SOURCE MATERIAL>
--- START ---

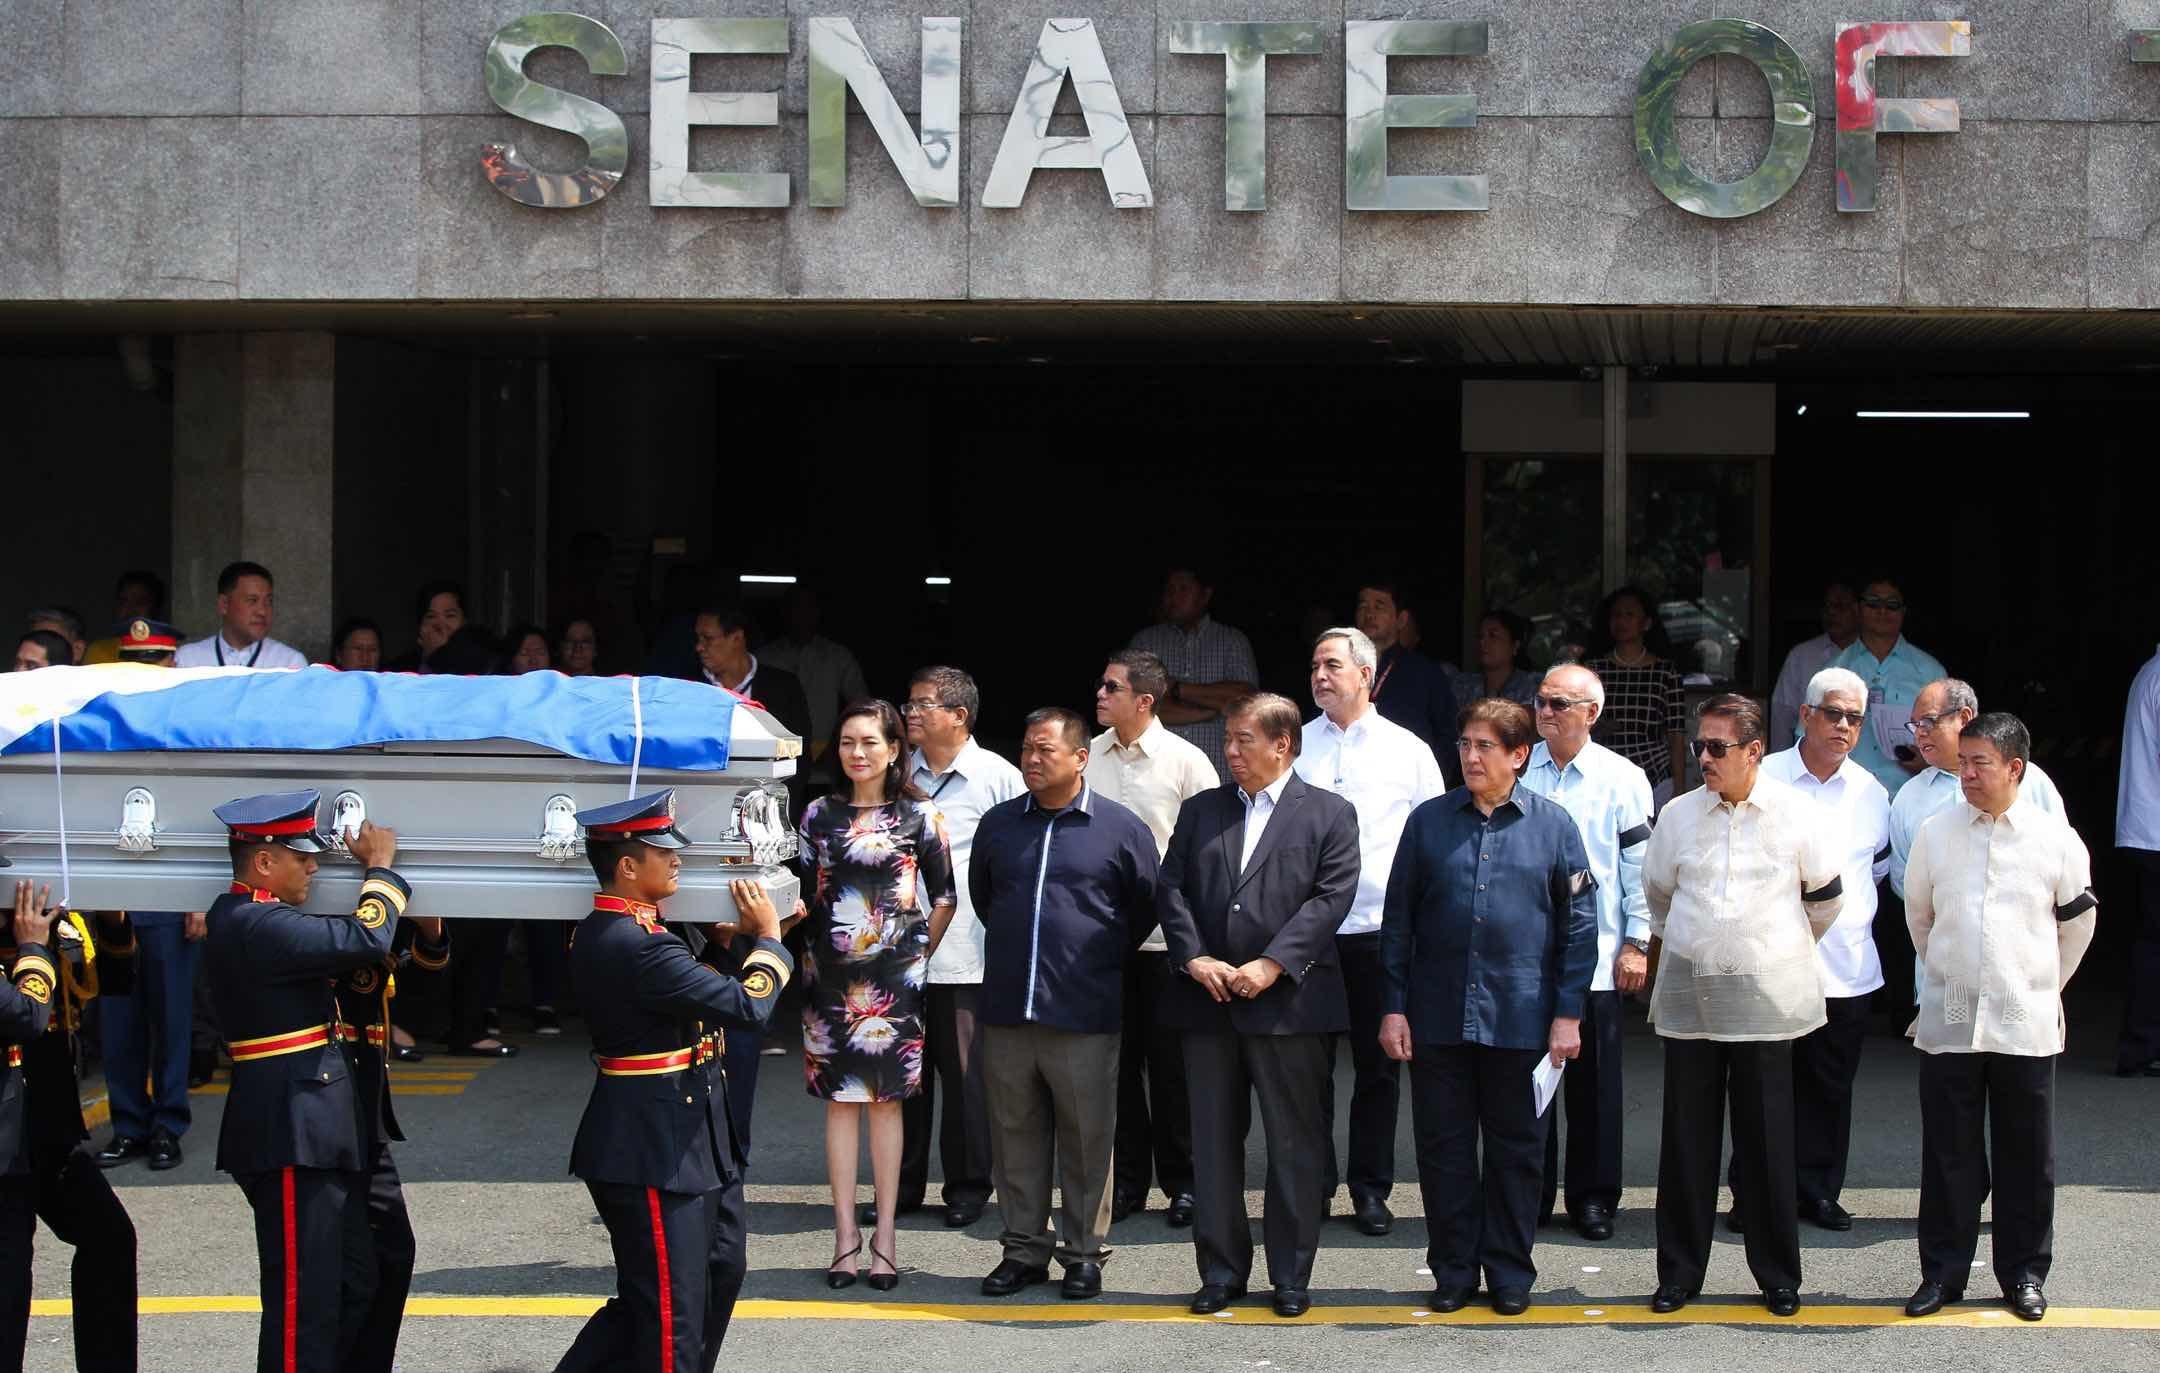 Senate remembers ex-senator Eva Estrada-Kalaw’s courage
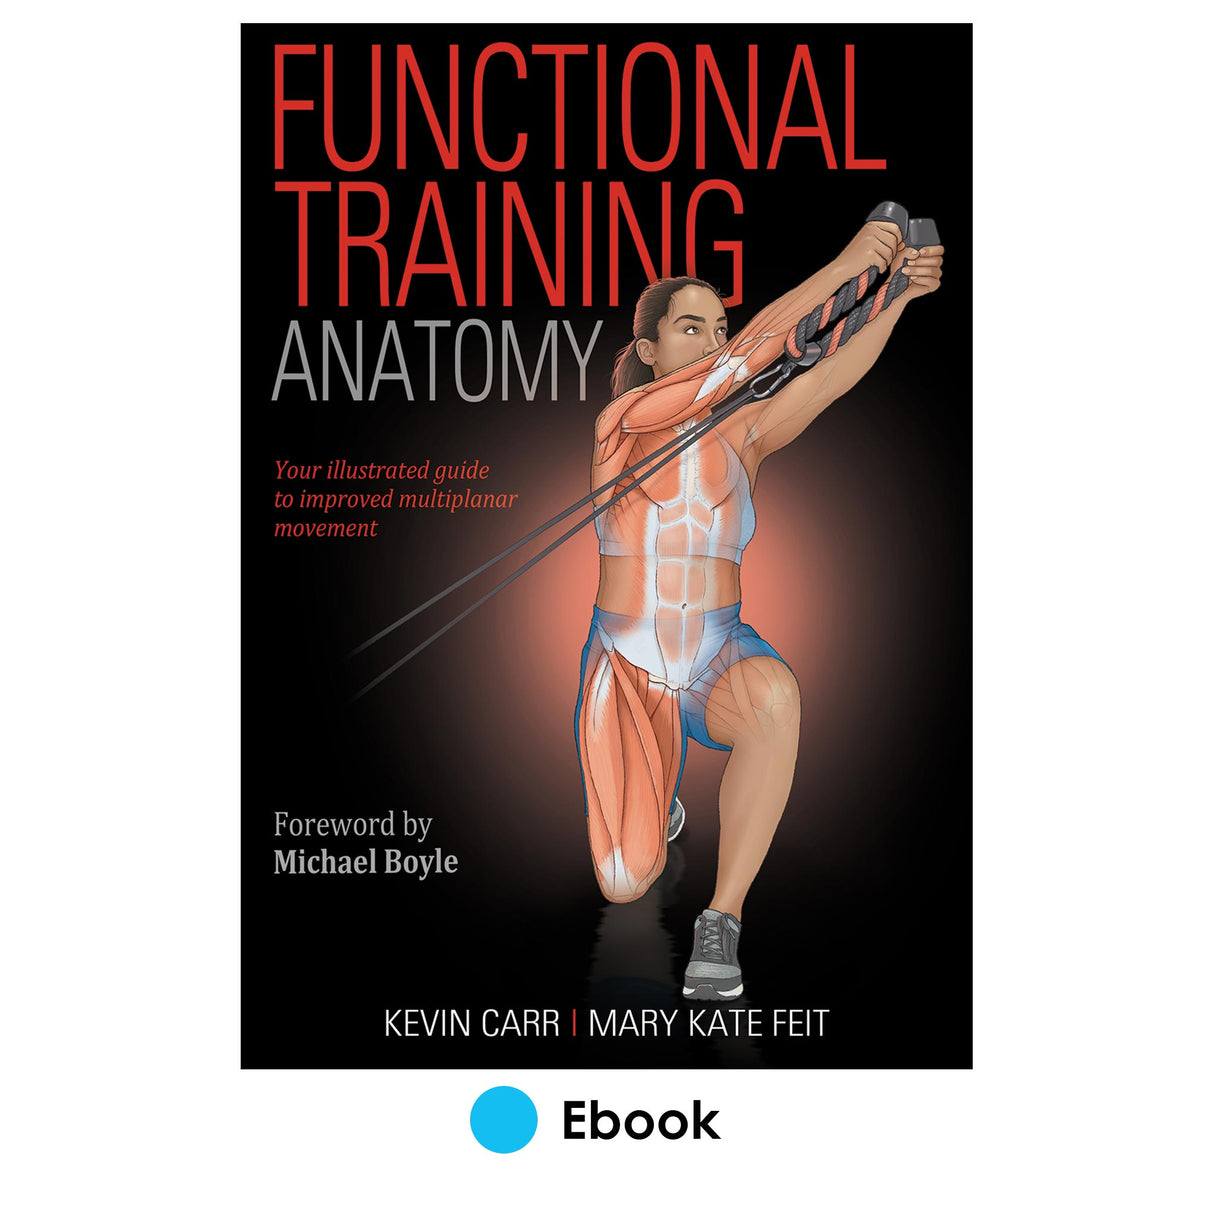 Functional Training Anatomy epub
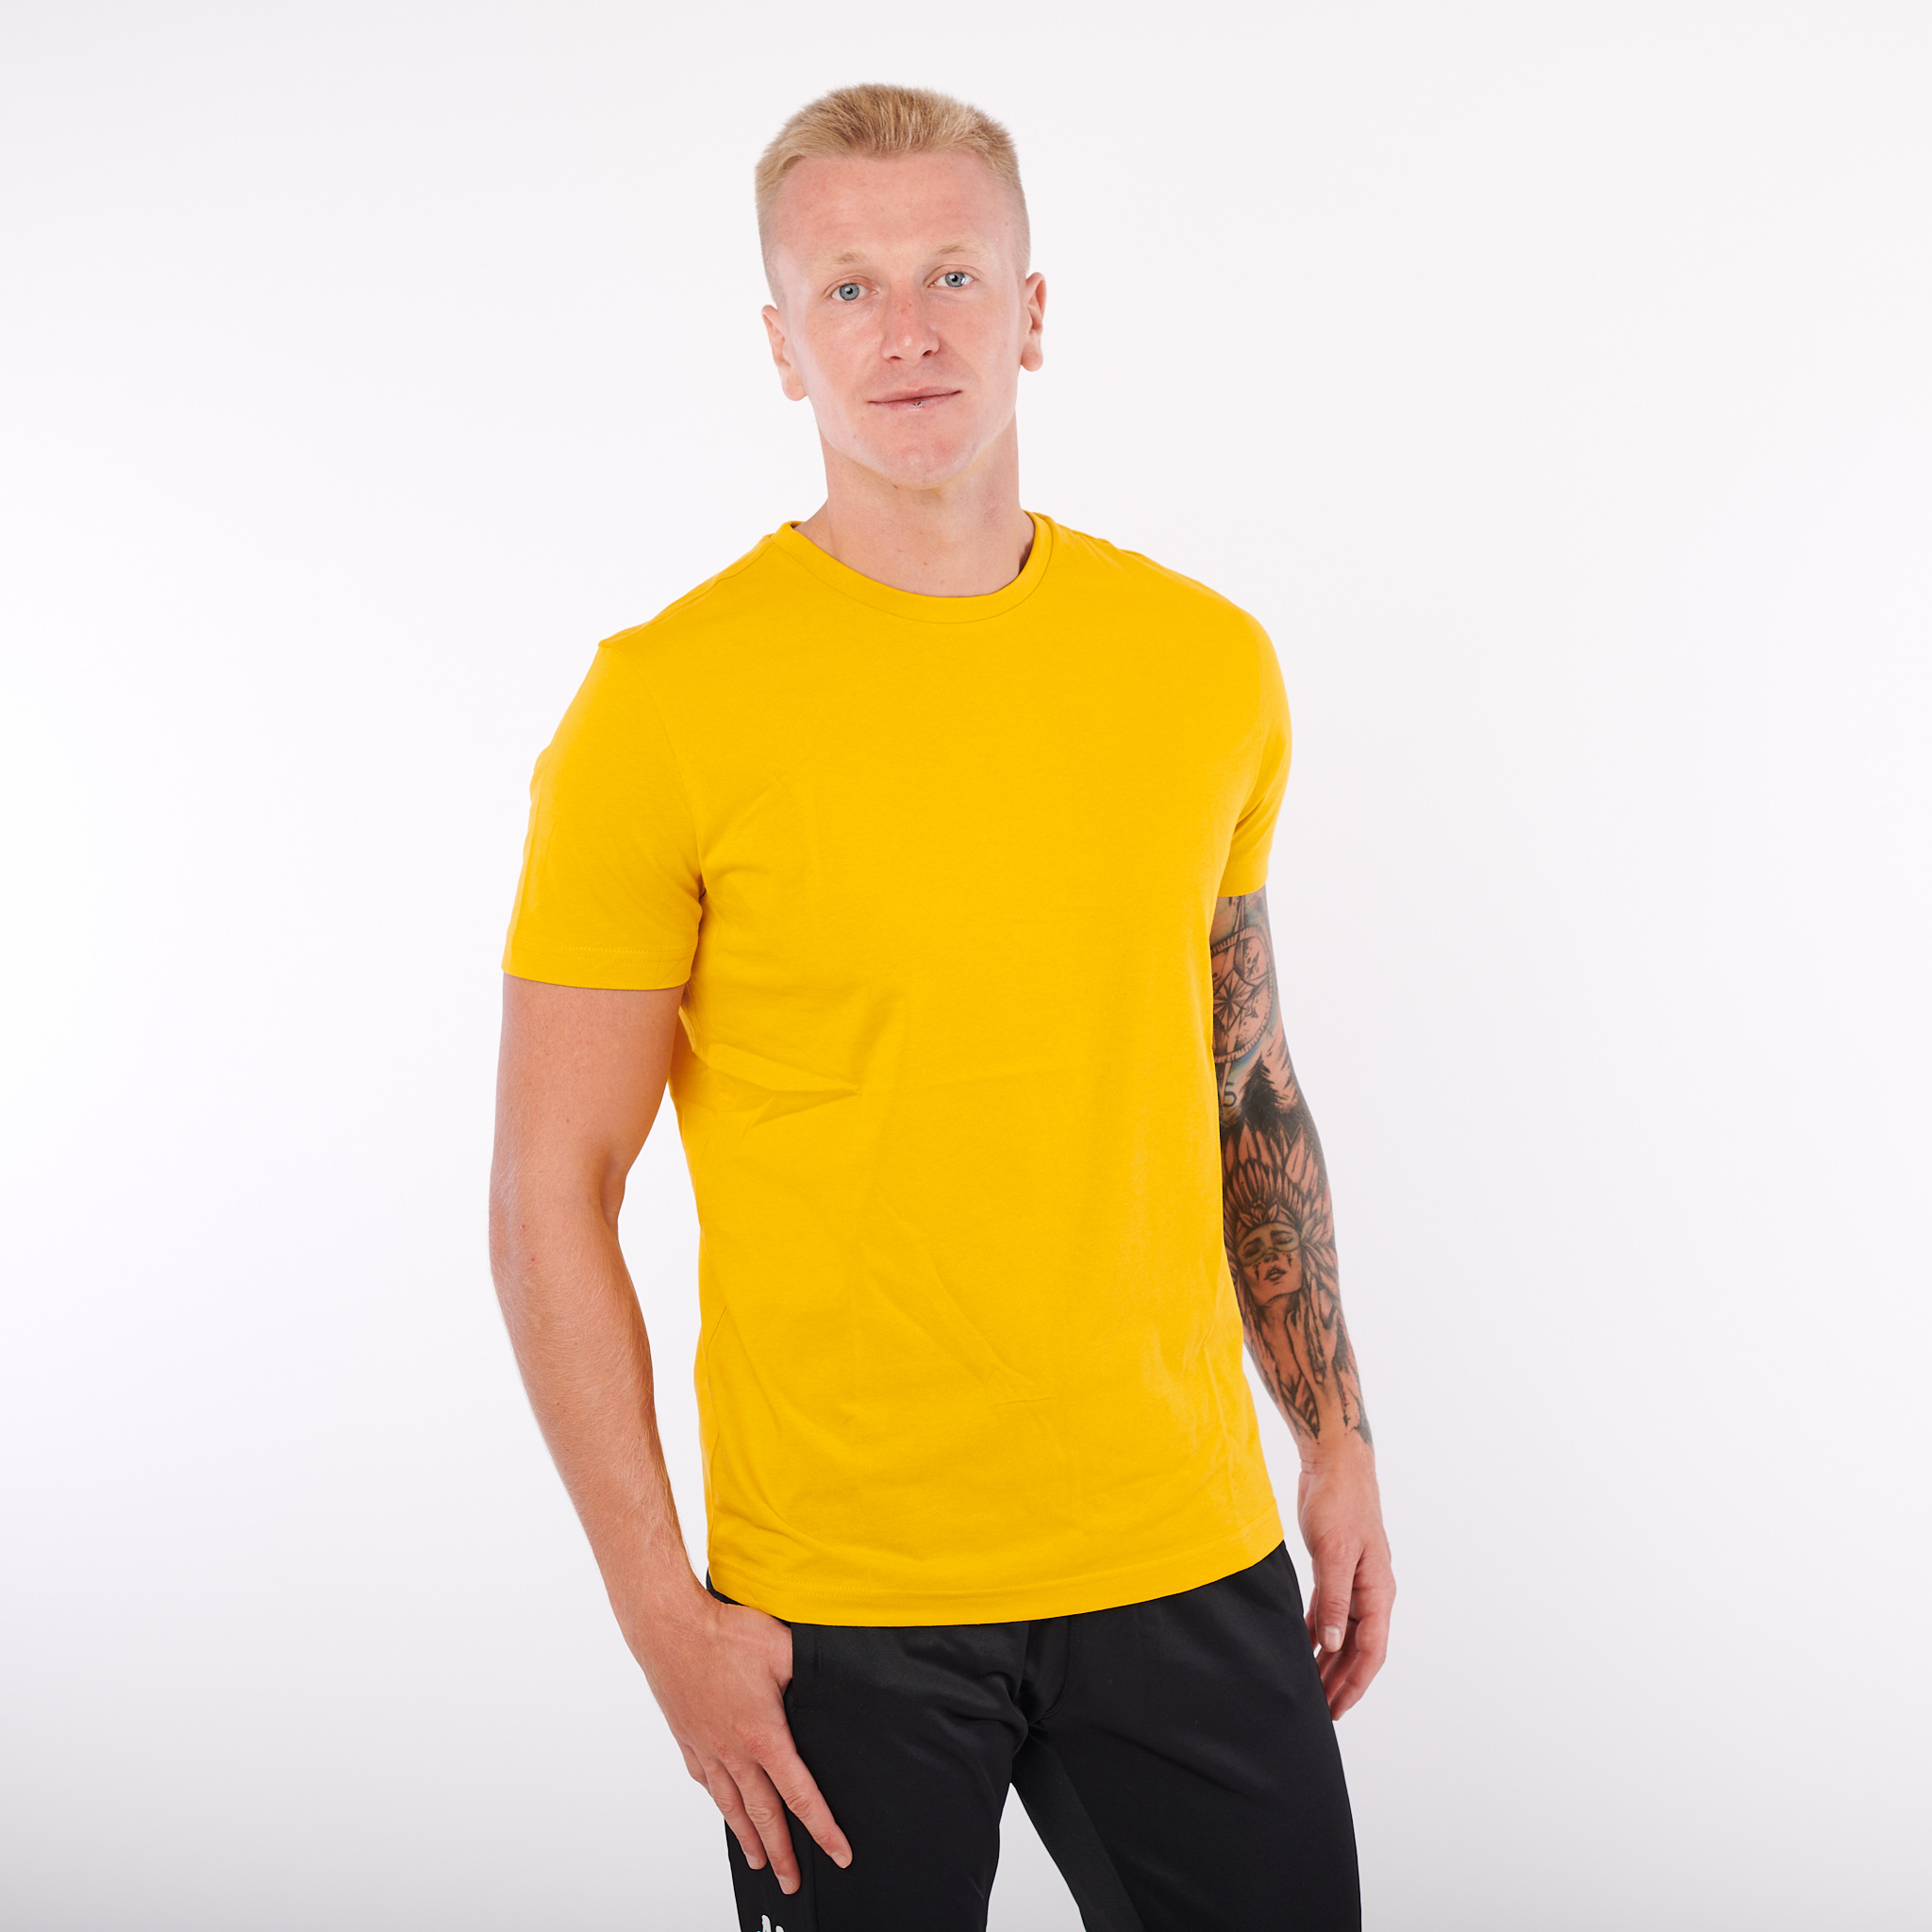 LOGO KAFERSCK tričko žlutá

--- END ---

ASSIGNMENT> Write out the material above again, word for word, minus its pictures.

EXERCISE RESPONSE>
 Senate remembers ex-senator Eva Estrada-Kalaw’s courage
 Functional Training Anatomy epub
 LOGO KAFERSCK tričko žlutá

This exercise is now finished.